» **PROBLEM DESCRIPTION**: Give back exactly the line containing "Download Irving Berlin" and all that follow it in the data below, with the pictures left out.

[[ SOURCE MATERIAL, beginning ]]

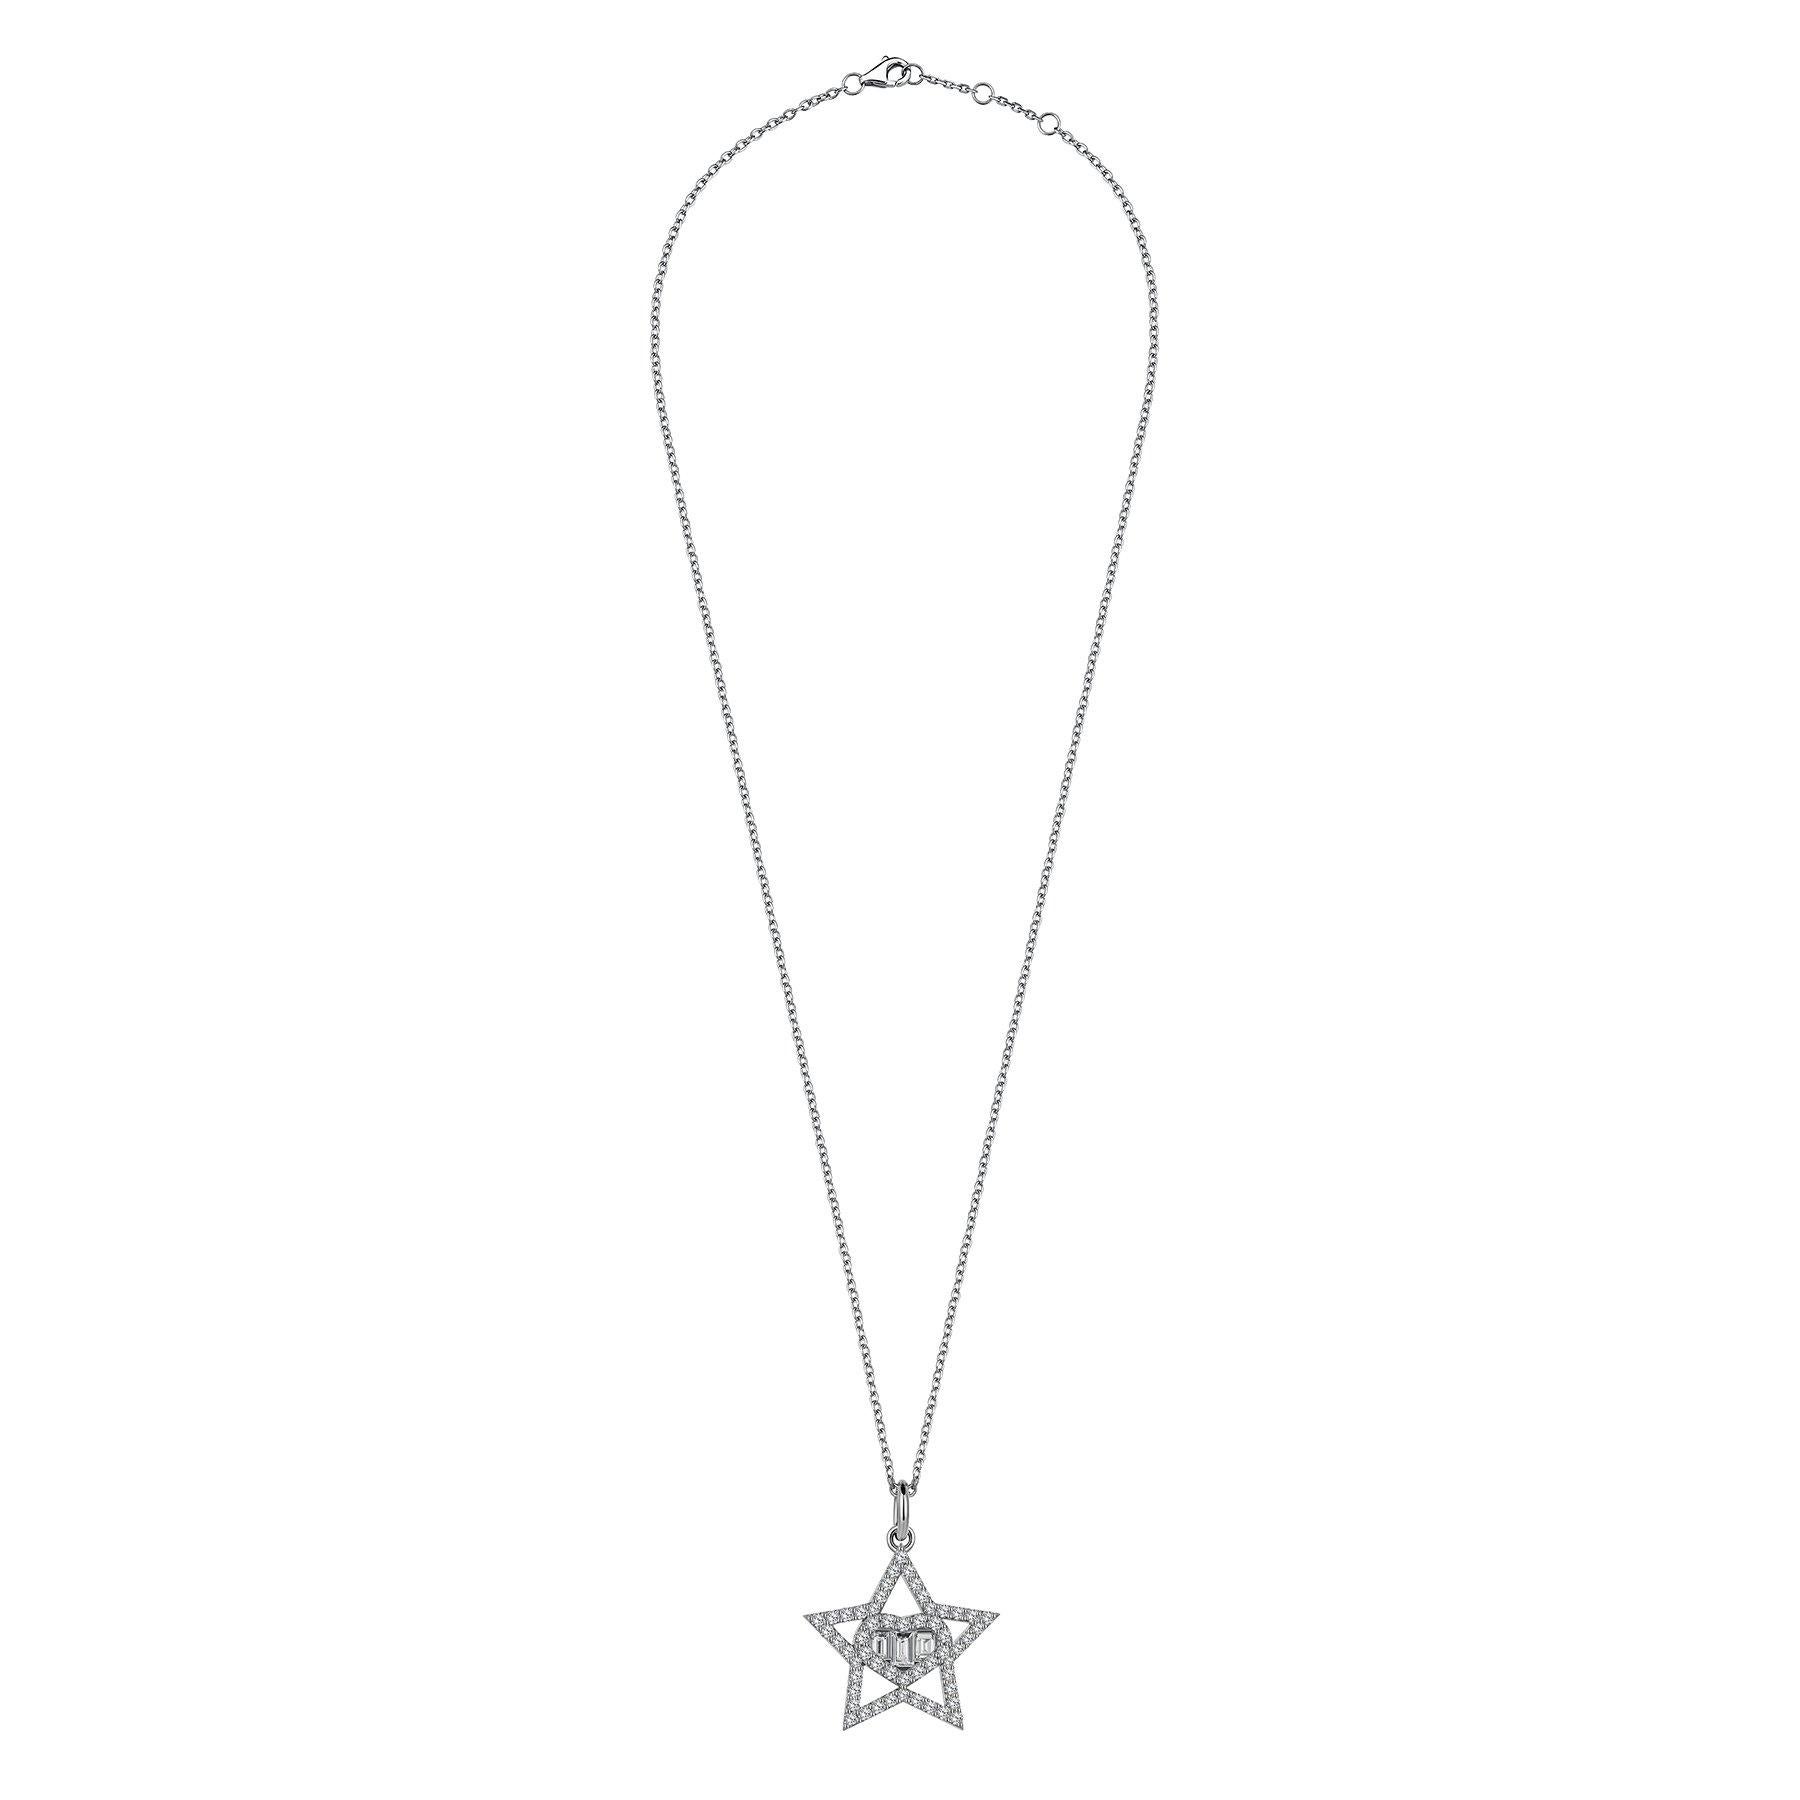 star of david necklace meaning
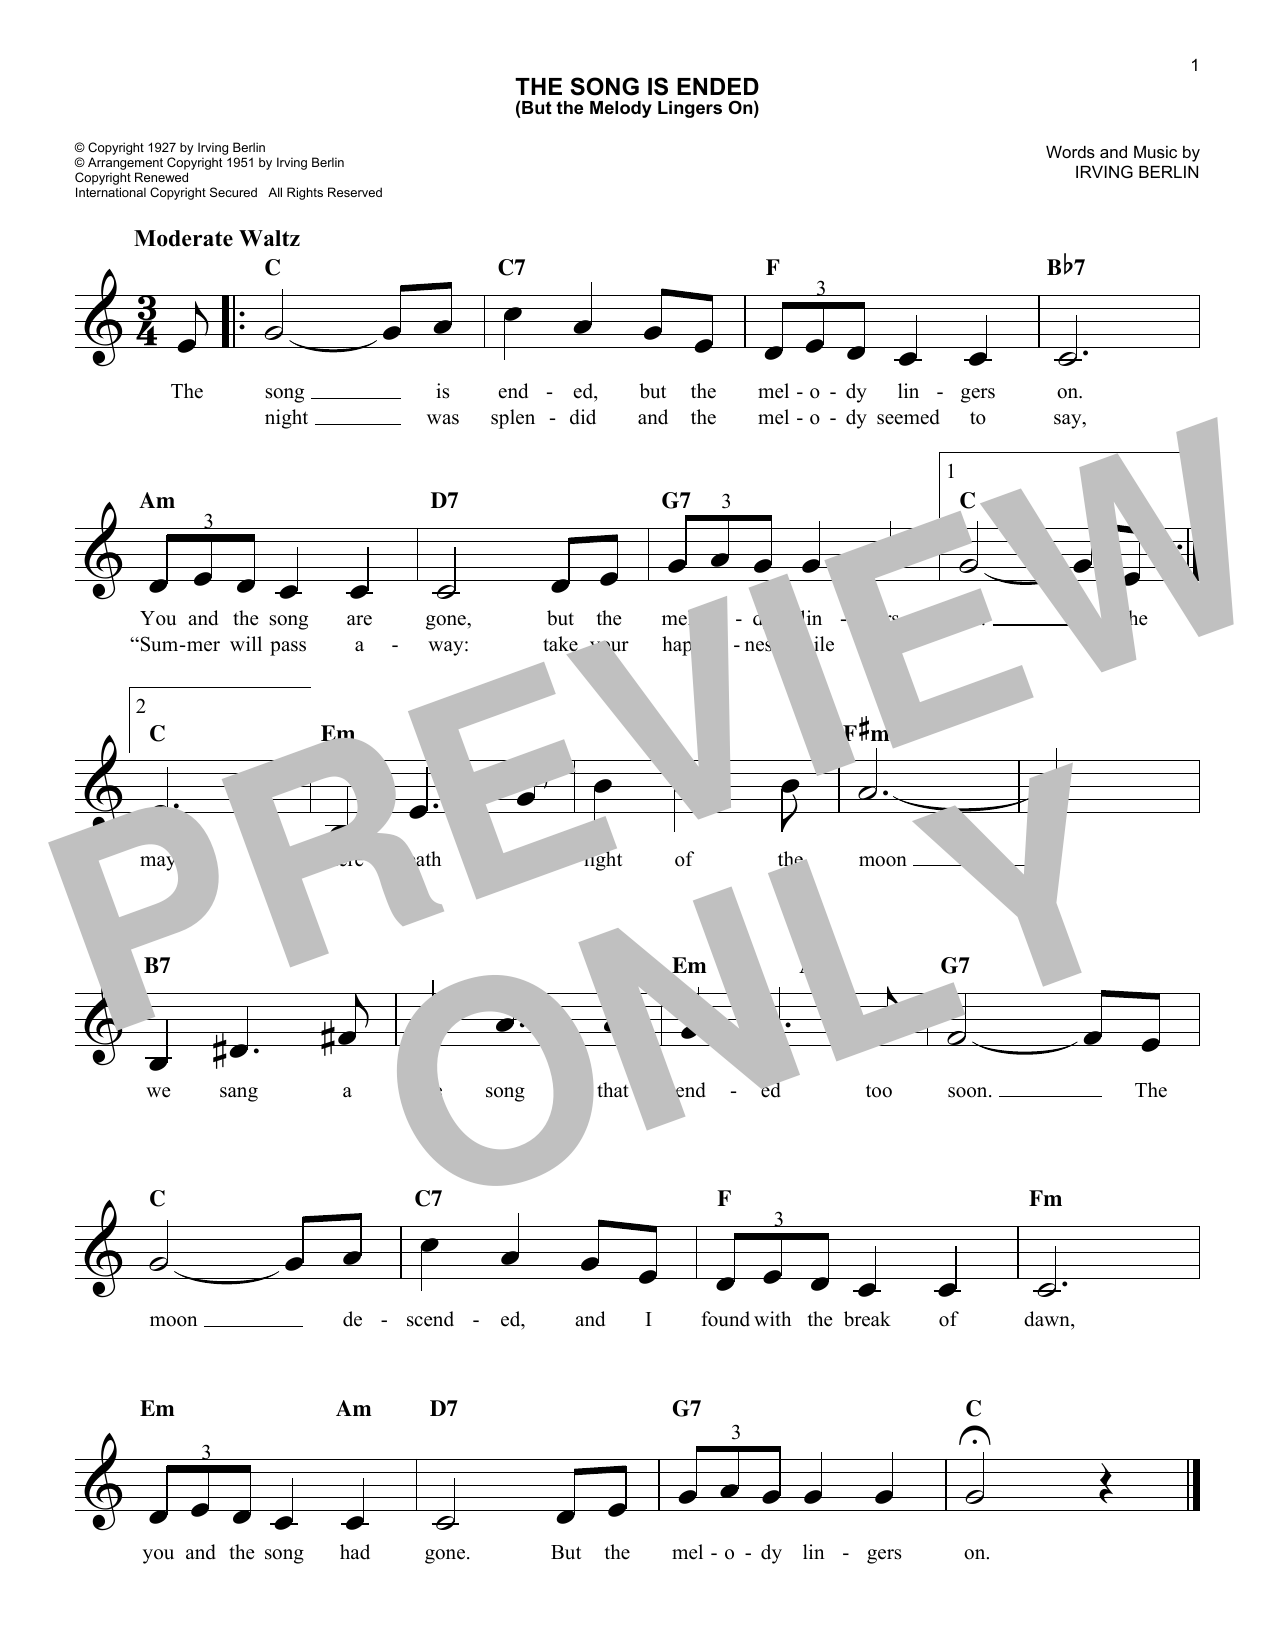 Download Irving Berlin The Song Is Ended (But The Melody Linge Sheet Music
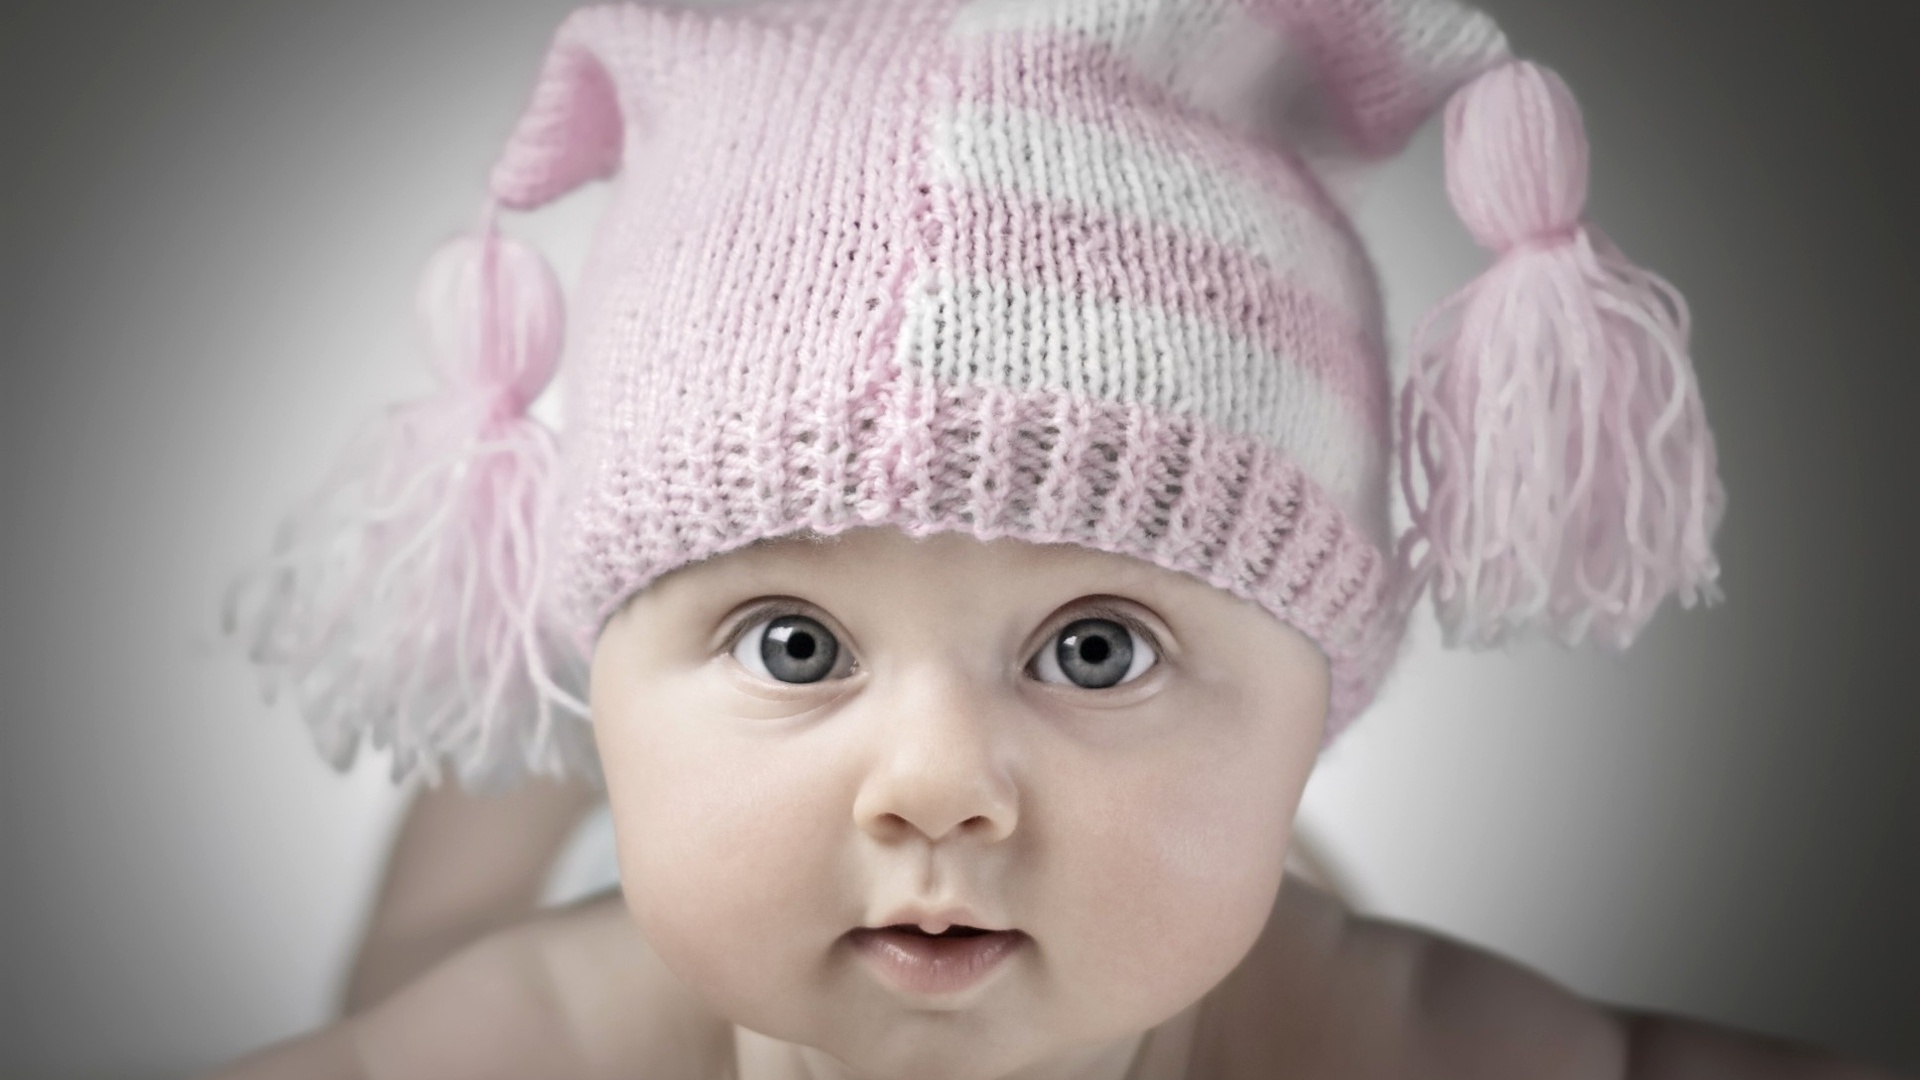 Cute Baby Wallpapers, Pictures, Images

[[ SOURCE MATERIAL, end ]]

» **EXERCISE OUTPUT**:
 Download Irving Berlin The Song Is Ended (But The Melody Linge Sheet Music
 Cute Baby Wallpapers, Pictures, Images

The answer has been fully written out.